Repository files navigation

DOI License: MIT

arXivScraper

An ArXiV scraper to retrieve records from given categories and date range.

Install

Use pip (or pip3 for python3):

$ pip install arxivscraper

or download the source and use setup.py:

$ python setup.py install

To update the module using pip:

pip install arxivscraper --upgrade

Usage

Basic Example

Import arxivscraper and create a scraper to fetch preprints from a category within a date range:

import arxivscraper

scraper = arxivscraper.Scraper(
    category='cond-mat',
    date_from='2017-05-27',
    date_until='2017-06-07'
)
output = scraper.scrape()

Parameters

The Scraper class accepts the following parameters:

  • category (str): The arXiv category code (e.g., 'cs', 'math', 'cond-mat', 'stat', etc.).
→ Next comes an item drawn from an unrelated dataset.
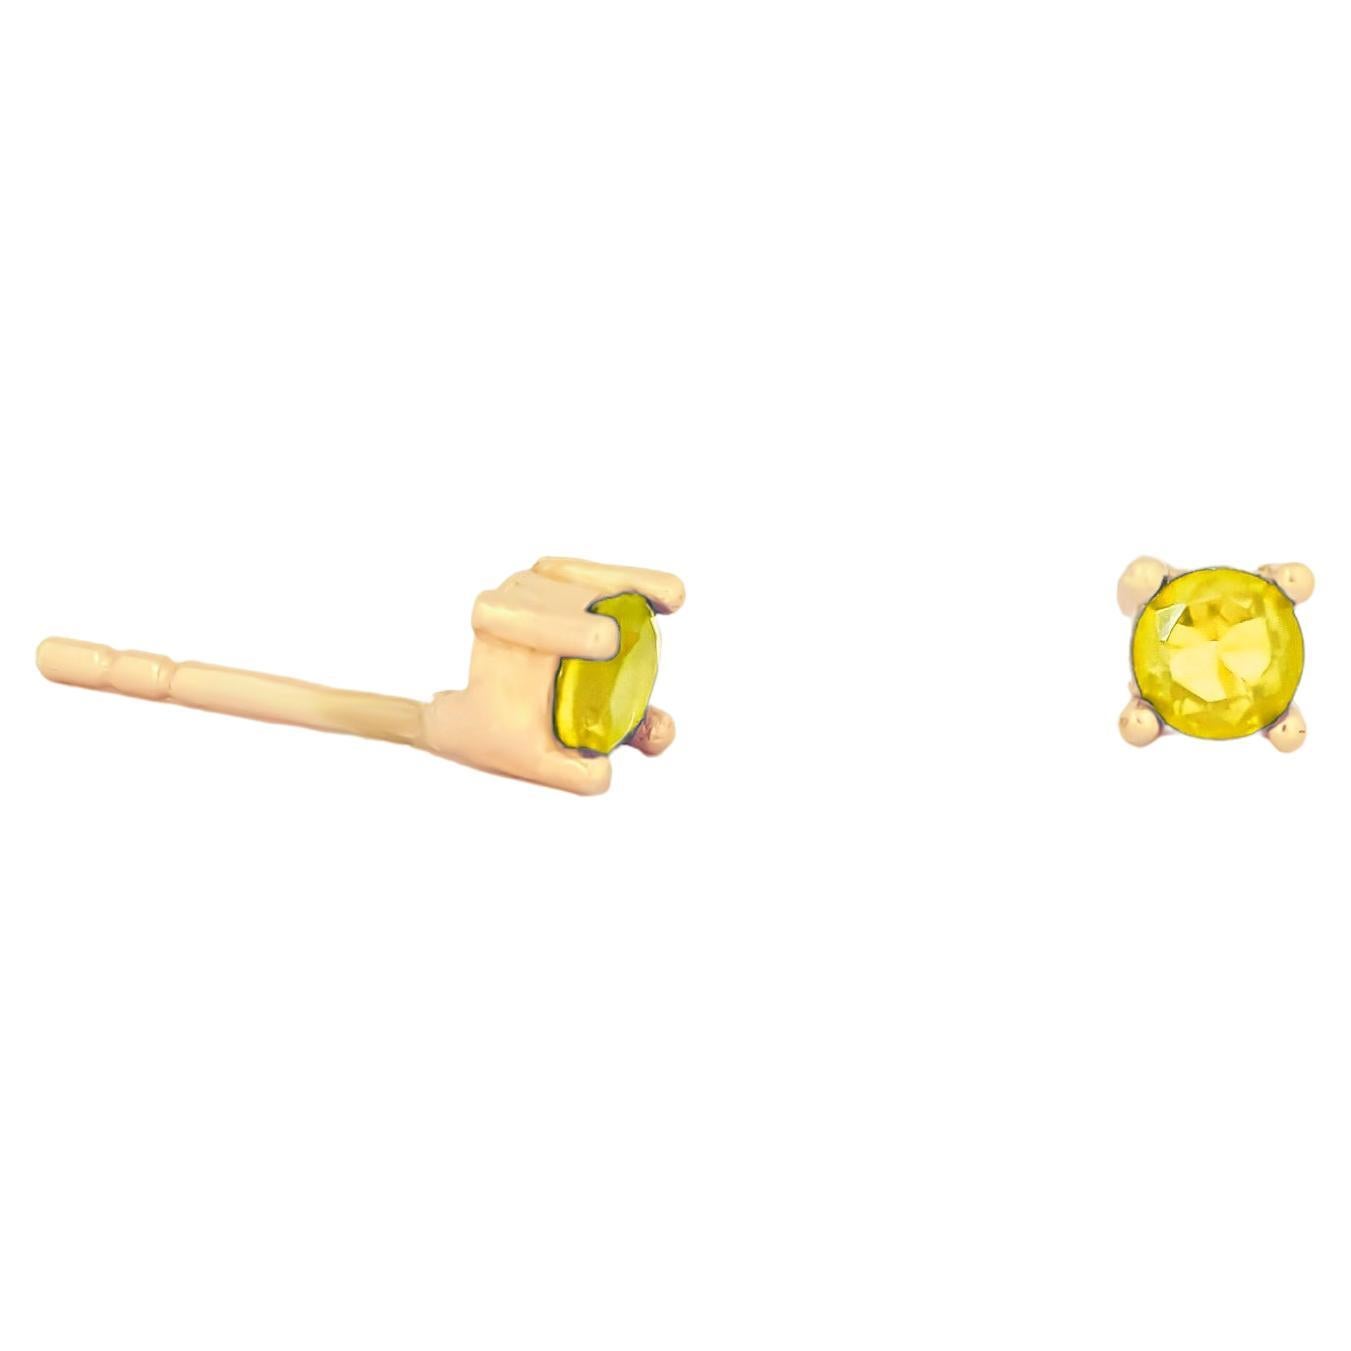 14 ct Gold Lab Sapphire Stud Earrings.  
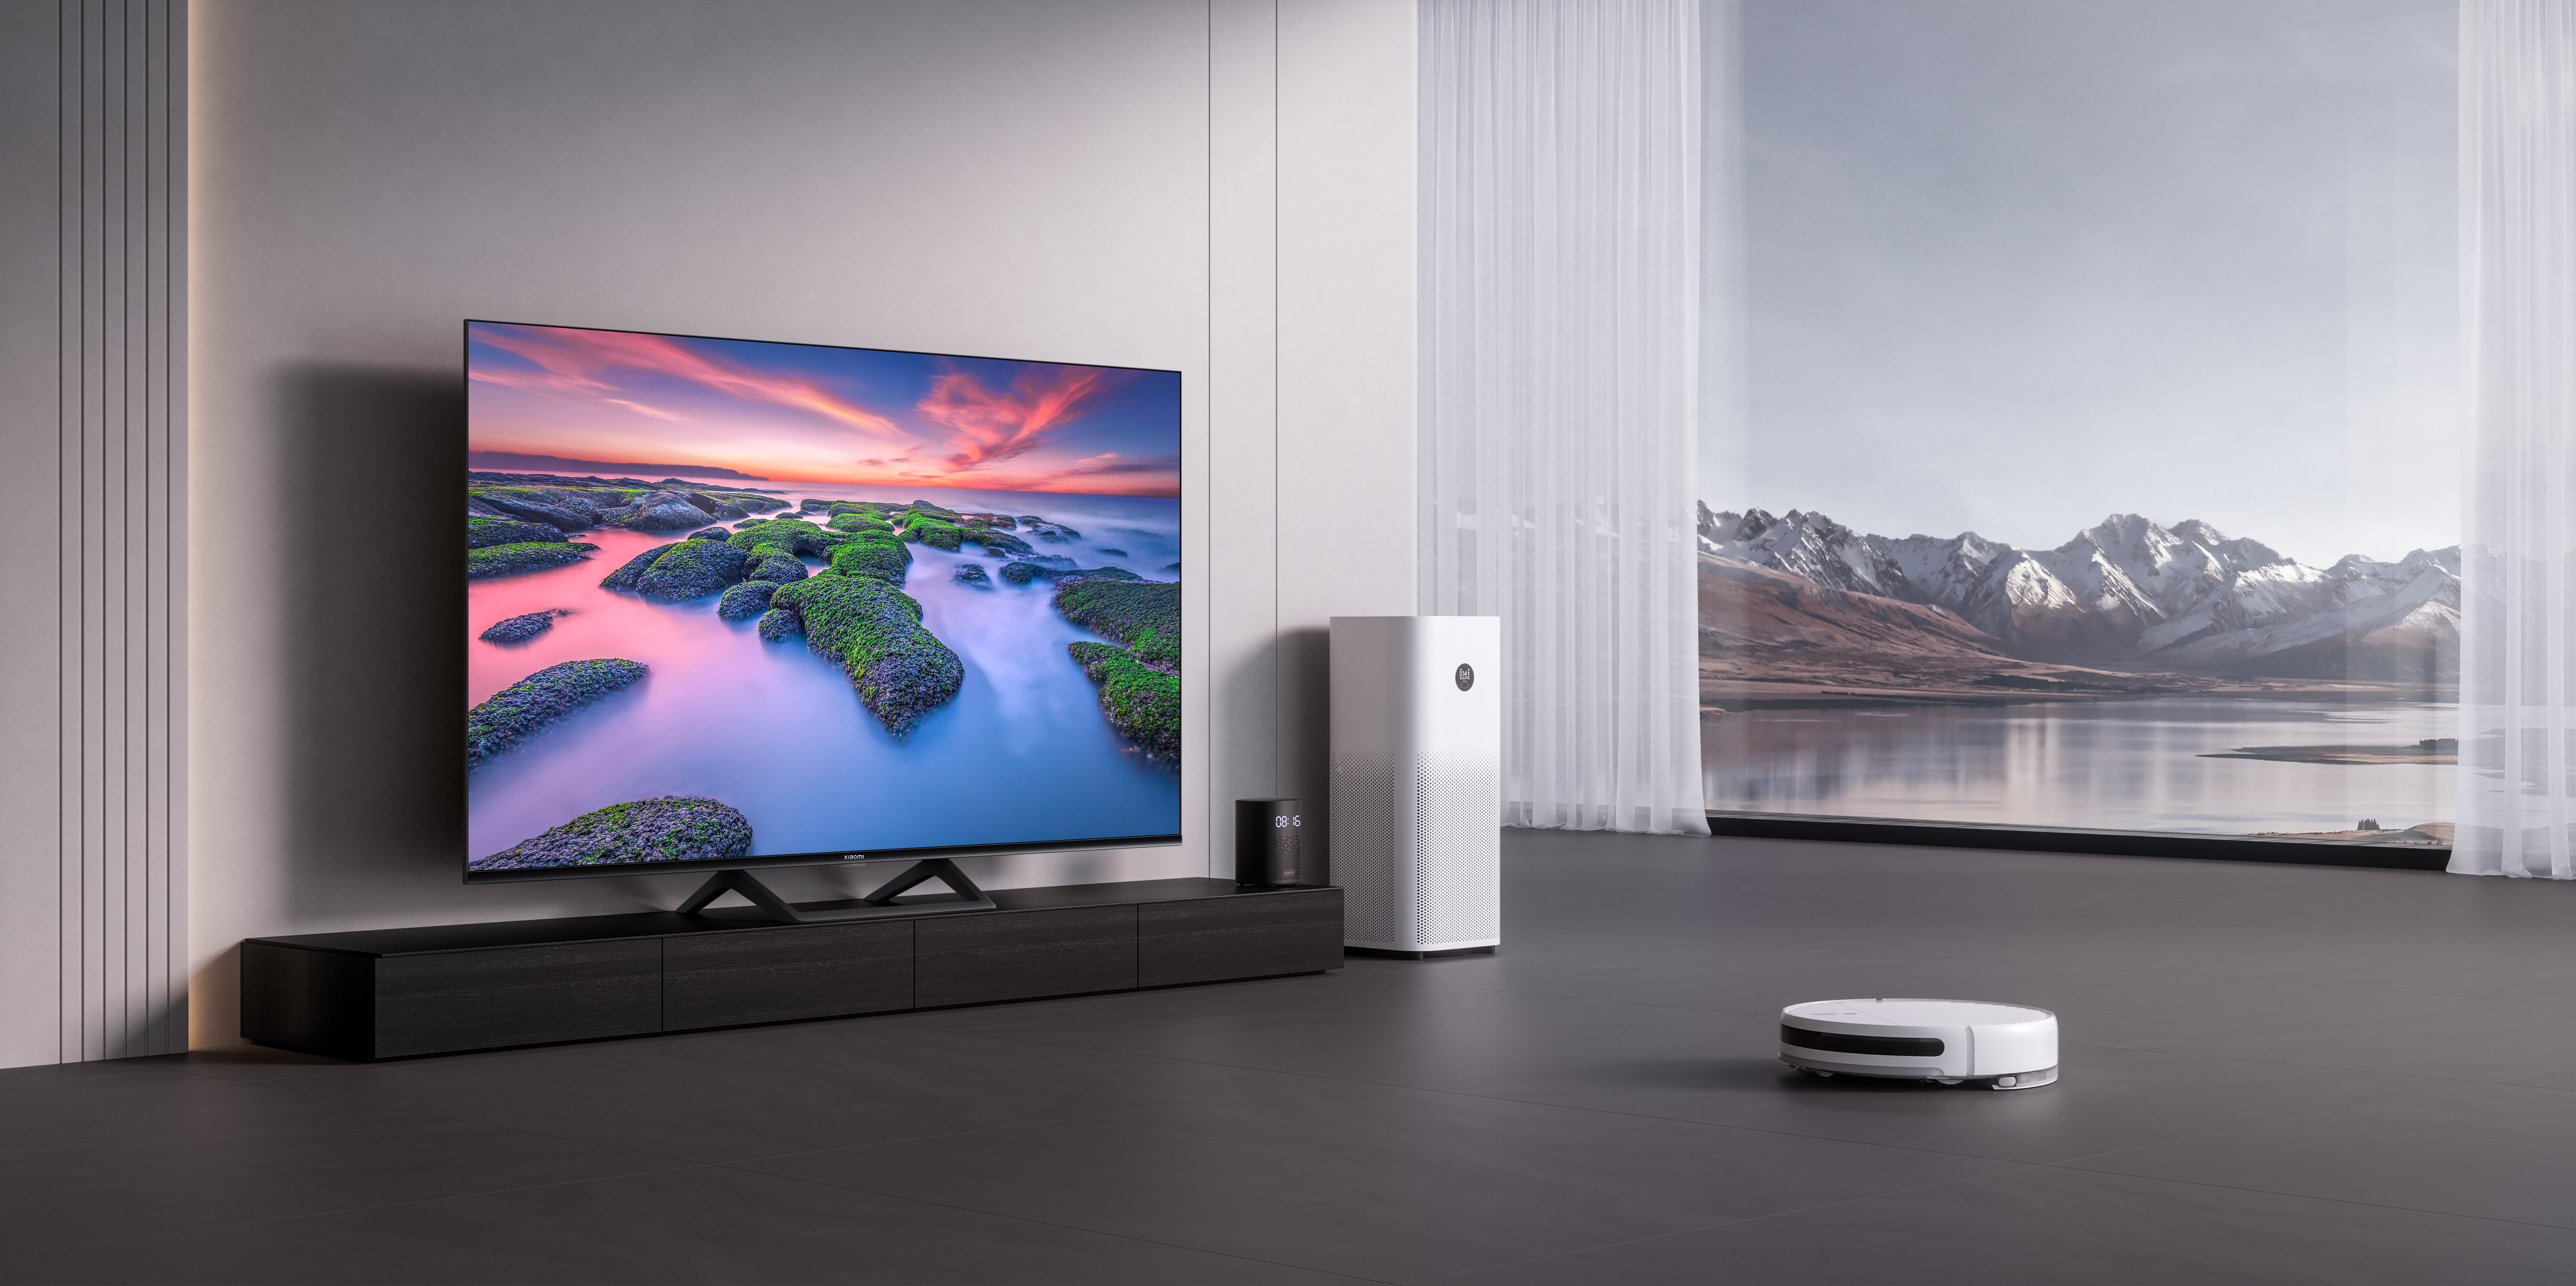 Xiaomi TV A2 Series With 60Hz Refresh Rate, Dolby Vision Support Launched

Supports both base categories and subcategories in multiple formats:

    • Base categories: 'cs', 'math', 'stat', etc.
    • Subcategories with dot notation: 'cs.AI', 'cs.SE', etc.
    • Subcategories with colon notation: 'cs:AI', 'stat:ML', etc.
    • Physics legacy format: 'physics:cond-mat', 'physics:astro-ph', etc.
  • date_from (str, optional): Starting date in format 'YYYY-MM-DD'. Defaults to the first day of the current month.

  • date_until (str, optional): End date in format 'YYYY-MM-DD'. Defaults to today's date.

  • t (int, optional): Waiting time in seconds between retries on HTTP 503 errors. Default: 30.

  • timeout (int, optional): Maximum time in seconds for the entire scraping operation. Default: 300.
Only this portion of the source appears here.